Receiving feedback also takes special skills especially when it is something you don't want to hear, and not least because not everyone is skilled at giving feedback. In order to hear feedback, you need to listen to it. Don't think about what you're going to say in reply, just listen. Pay attention to non-verbal communication as well and listen to what your colleague is not saying, as well as what they are saying. Body language accounts for 55% of our communication.

When receiving feedback question, reflect and clarify to ensure that you have fully understood all the nuances of what the other person is saying and avoid misunderstandings. Be aware of your emotions and also be able to manage them so that even if the feedback causes an emotional response, you can control it. Giving and receiving feedback, simple, yes, difficult, even more so!

Feedback is continual. Whether explicit through oral or written language, or implicit in gestures or tone of voice, feedback conveys information about behaviours and offers an evaluation of the quality of those behaviours.

Why should you Attend: This course will help you introduce feedback into your company.

A free perk to every employee in your company is feedback, positive, constructive feedback. Millennials in particular are leaving companies because they don't feel appreciated and no one has told them recently that they are doing a fine job. If you don't get feedback at work, you won't know how to give feedback when it is your turn to complement, show appreciation or discuss a sensitive topic. Giving and receiving feedback can be learned.

Areas Covered in the Session:
  • Examine the Importance of Feedback in the Workplace
  • Get six Tips on how to Receive Feedback and Six Tips on how to give Feedback
  • Learn Useful Phrases for Giving Feedback
  • Learn How to give your Boss Feedback

Who Will Benefit:
  • Anyone who Trains Employees on Soft Skills or is Responsible for Implementing change in their Organization
  • Everyone
Instructor:

Colleen Clarke is a highly recognized career specialist, corporate trainer, and workplace coach in the areas of career management and transition, communication and networking. For the past 20+ years she has inspired, through her training and counseling, thousands of people in groups and individually to maximize their career and workplace potential. Colleen graduated from the first class of coaching students from the Adler Institute as a certified Workplace Coach in 1999.

In 1990 Colleen founded a not for profit organization for unemployed business professionals called E.A.R.N., the Executive Advancement Resource Network. Over the 10 years she administered and facilitated Canada's most recognized support group, over 7000 job seekers benefited from the weekly motivational and educational meetings and workshops.

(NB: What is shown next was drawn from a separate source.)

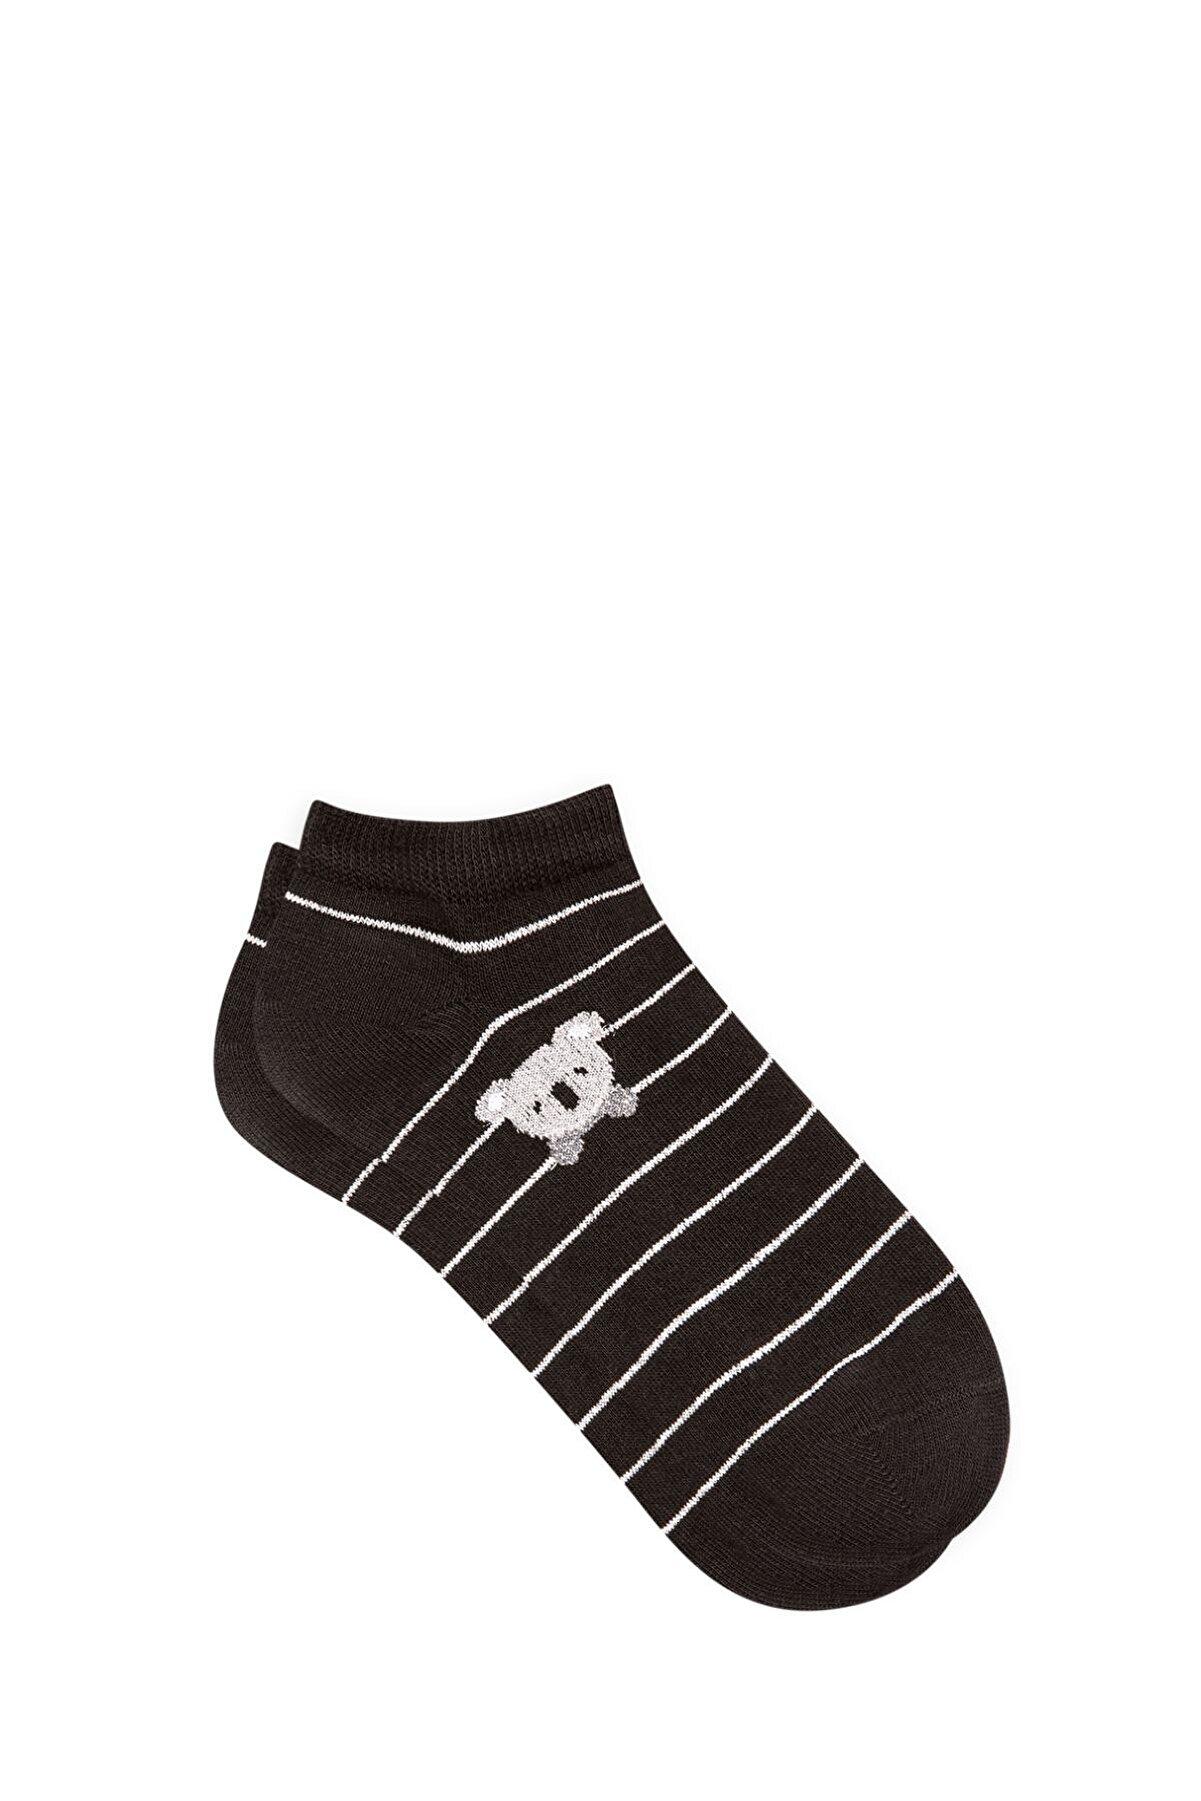 Mavi Koala Işlemeli Siyah Patik Çorap 197978-900

Colleen is a qualified MBTI Step 1 & 2, Personality Dimensions, True Colors and EQ-i2.0 facilitator. She is the author of Networking How to Build Relationships That Count and How to Get a Job and Keep It. Whether speaking or writing, Colleen insightfully and humorously shares with her audience the practical insights and "hands-on" approaches and techniques she has developed as a motivational leader.

Often quoted in magazine, news articles and columns, Colleen has a plethora of radio and television interviews to her credit as well. She contributes monthly to Canada's national newspaper The Globe and Mail's Nine to Five workplace column. She wrote weekly for internet job sites Workopolis.com, Monster.ca and commuter newspapers 24 Hours and Metro Toronto. Colleen was a career advisor on Oprah's OWNetwork program "Million Dollar Neighborhood."

Whether coaching, counseling or training, Colleen exudes the passion and knowledge she has for her subject matter with humor and inspiration. Off hours you will find Colleen on the Board of Directors for the Ontario Association of Career Management and the National Communication Coaching Association, a committee member for The Toronto Police Services Division 55 Community Police Liaison Committee and an active member of the Toronto Beaches Lion’s club.

Colleen is a graduate of the University of Alberta, Edmonton, Alberta in Recreation Administration and has lived in Toronto, Ontario for 37 years.